Specific Genetic Tests to Order

First-Line Testing:

• Factor V Leiden mutation (R506Q) - The most common inherited risk factor for thrombosis 2, 1
• Prothrombin G20210A variant - The second most common inherited risk factor 2, 1

Additional Testing:

• Functional assays for:
  • Protein C deficiency
  • Protein S deficiency
  • Antithrombin III deficiency 2, 1
• Plasma homocysteine levels - Especially important in patients who test positive for Factor V Leiden 2, 1

Testing Methods

• Direct DNA-based genotyping is recommended for Factor V Leiden and prothrombin G20210A 1
• Initial screening test for Factor V Leiden is the activated protein C (APC) resistance assay, with DNA analysis for confirmation 1
• Functional coagulation assays should be used for protein C, protein S, and antithrombin III deficiencies 2, 1

Clinical Significance and Management Implications

• The clinical penetrance of thrombophilia genes varies:

  • Lower risk: Heterozygous carriers of Factor V Leiden and prothrombin G20210A (mild thrombophilia)
  • Higher risk: Carriers of deficiencies of antithrombin, protein C or S, and those with multiple or homozygous abnormalities 3

• Incidence of venous thromboembolism in carriers of Factor V Leiden is approximately 0.34-0.56% per year (3-6 times higher than the general population) 1

• Homozygous Factor V Leiden carriers have approximately 18 times higher risk of initial VTE compared to non-carriers 2

• The presence of multiple thrombophilic factors significantly increases risk - hyperhomocysteinemia with Factor V Leiden increases relative risk of venous thrombosis 20-fold compared to individuals without either risk factor 2

Important Caveats and Pitfalls

• Testing timing matters: Testing during an acute thrombotic event or while on anticoagulation may affect results of functional assays (protein C, protein S, antithrombin III) 1

• Limited utility for treatment decisions: Genetic thrombophilia testing has limited clinical utility for patients already on anticoagulation for DVT/PE. The decision to continue anticoagulation should be based primarily on clinical risk factors for recurrence, whether the event was provoked or unprovoked, and bleeding risk 1

• Declining yield of testing: There has been a trend toward annual reduction in detection of Factor V Leiden mutation from over 25% in 1996 to approximately 10% in recent years, suggesting poorer patient selection 4

• Gender differences in testing yield: Studies show proportionally more males than females are identified with Factor V Leiden (15.4% vs. 6.6%) or prothrombin gene mutation (10.4% vs. 4.3%) despite more testing being performed in females 4

• Rare disorders consideration: Inherited disorders of the fibrinolytic pathway are extremely rare and primarily have hemorrhagic phenotypes.

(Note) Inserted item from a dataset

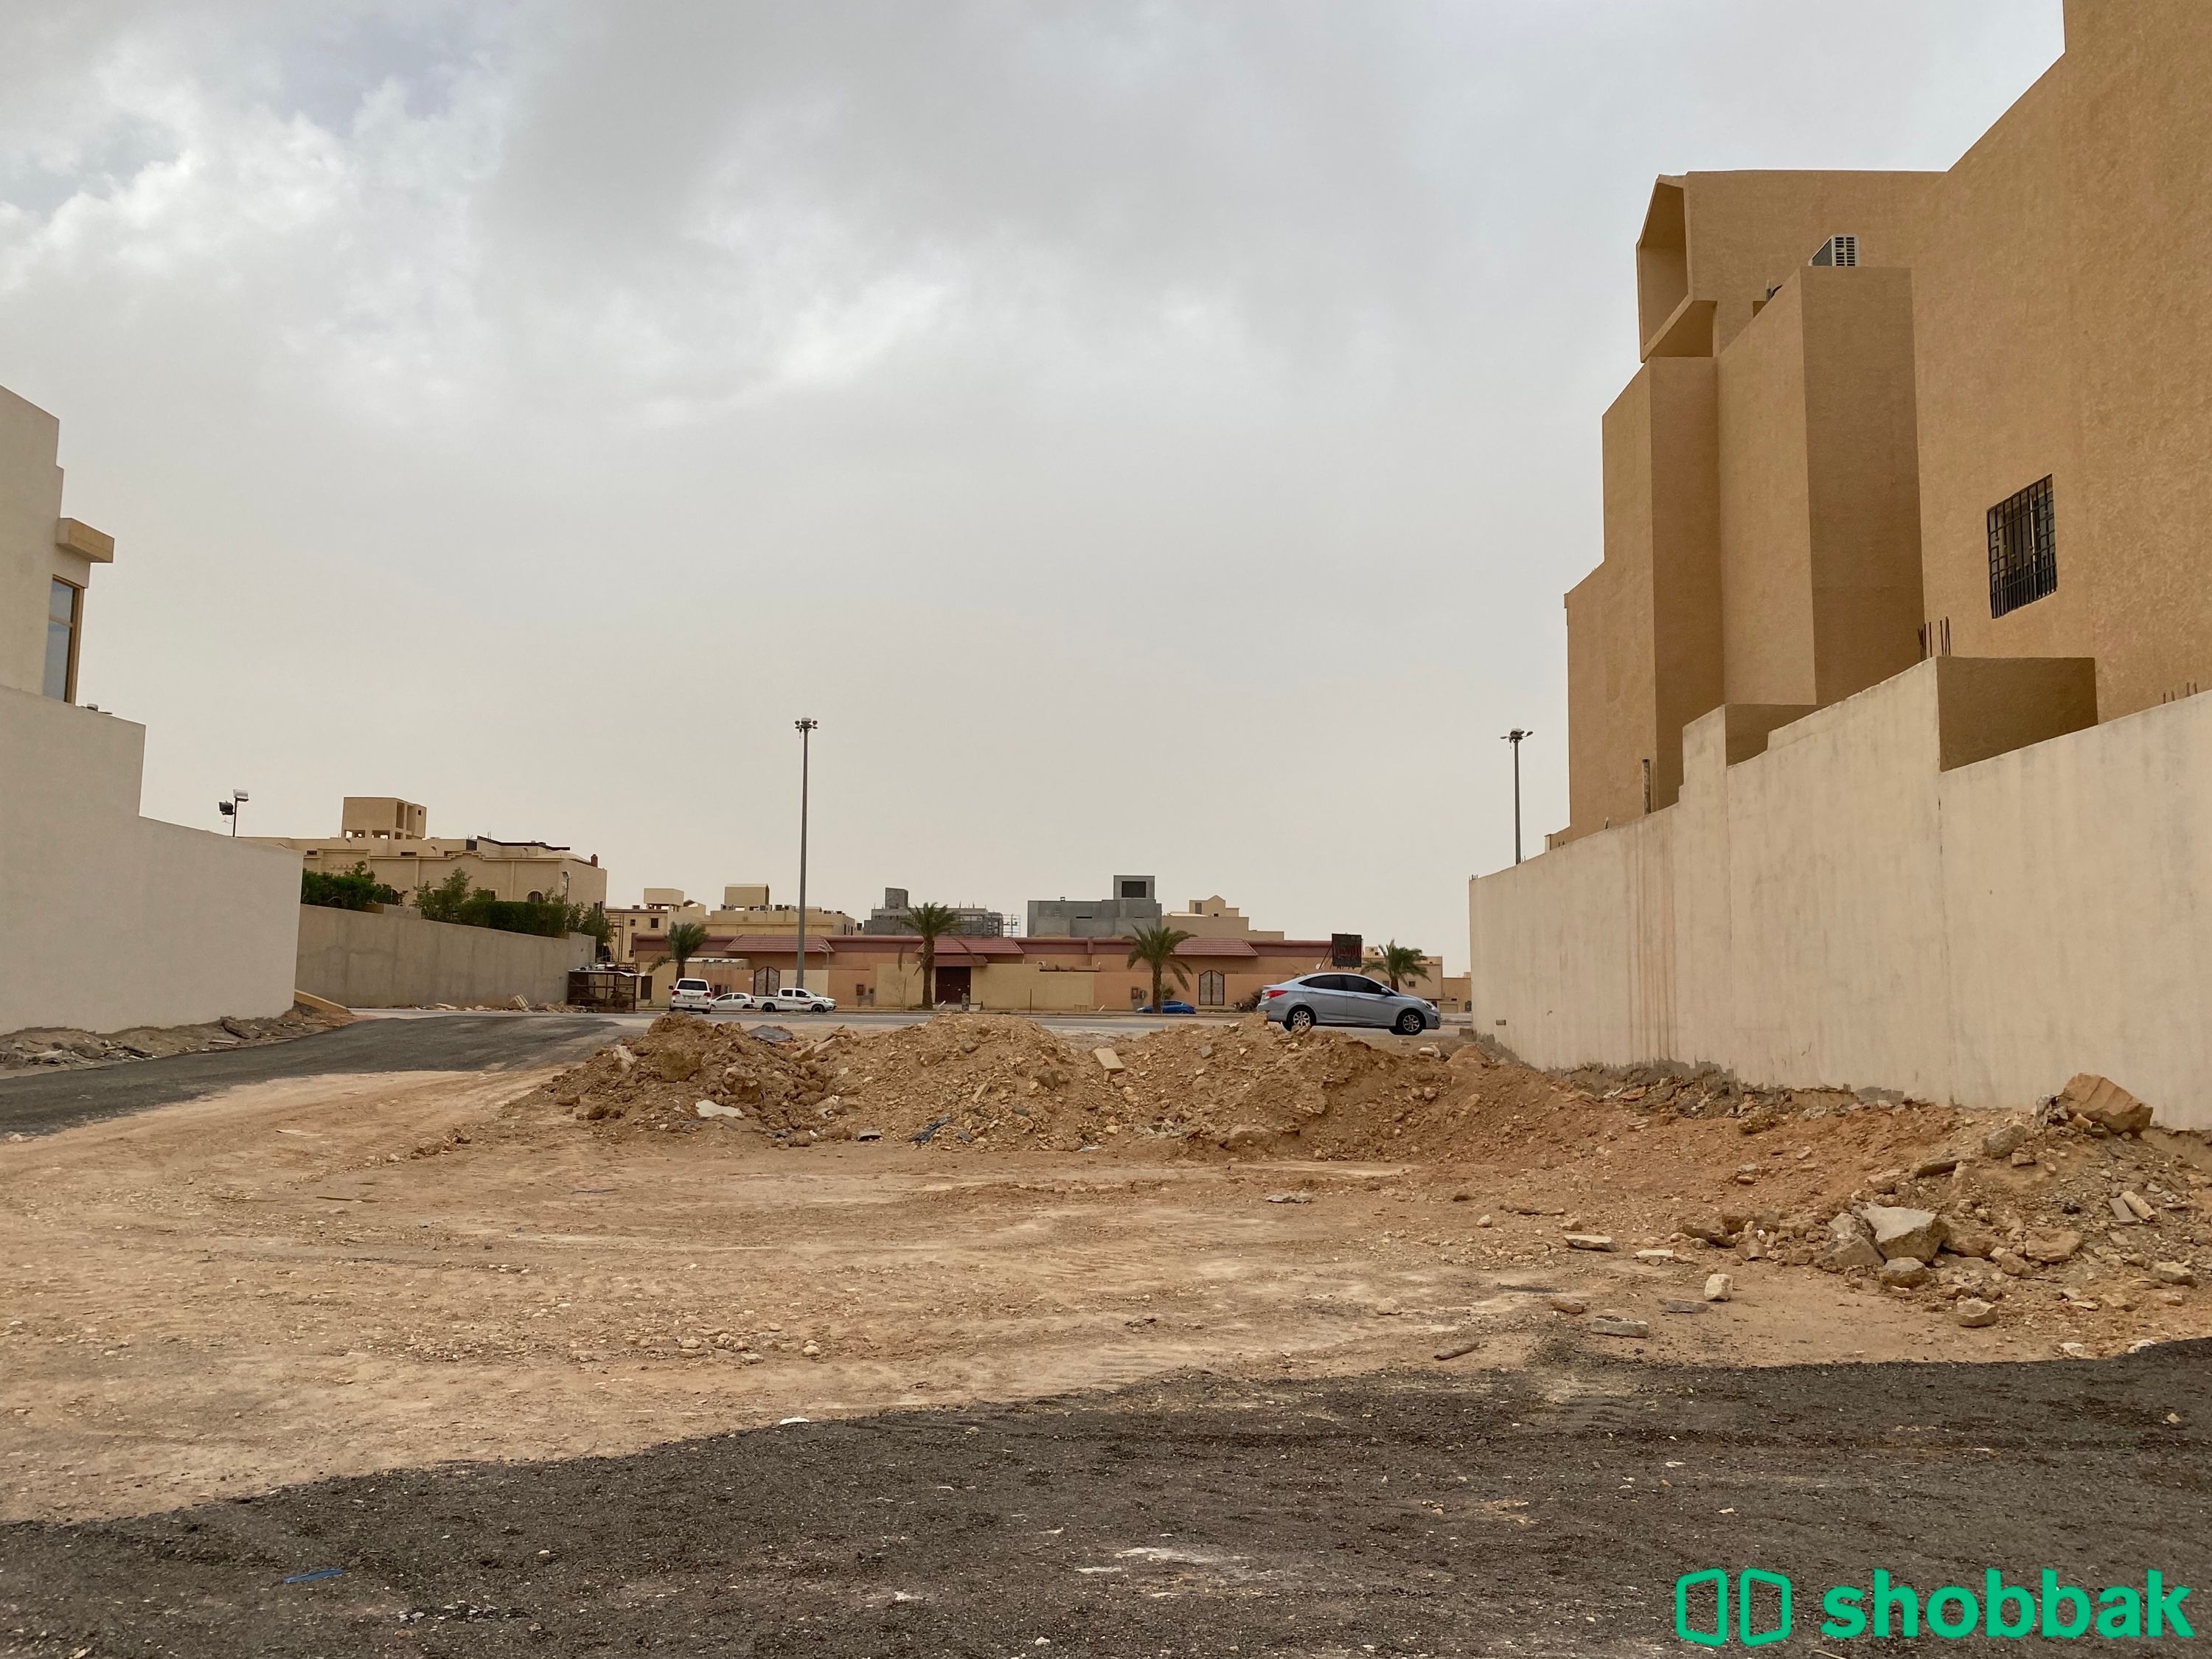 الرياض،حي ظهرة نمار ،طريق نجم الدين الأيوبي  شباك السعودية

These require specialized testing at dedicated centers 5

Patient Counseling

• Patients should be informed that genetic testing has implications for family members 2, 1
• When Factor V Leiden testing is positive, consider additional testing for other thrombophilias 2
• Formal informed consent is not required for Factor V Leiden testing, but patients should be made aware of potential implications for family members and possible insurance discrimination 2

By following these evidence-based recommendations for genetic testing in patients with a history of blood clots or family history of clotting disorders, clinicians can appropriately identify inherited thrombophilias and guide management decisions to reduce morbidity and mortality from thrombotic events.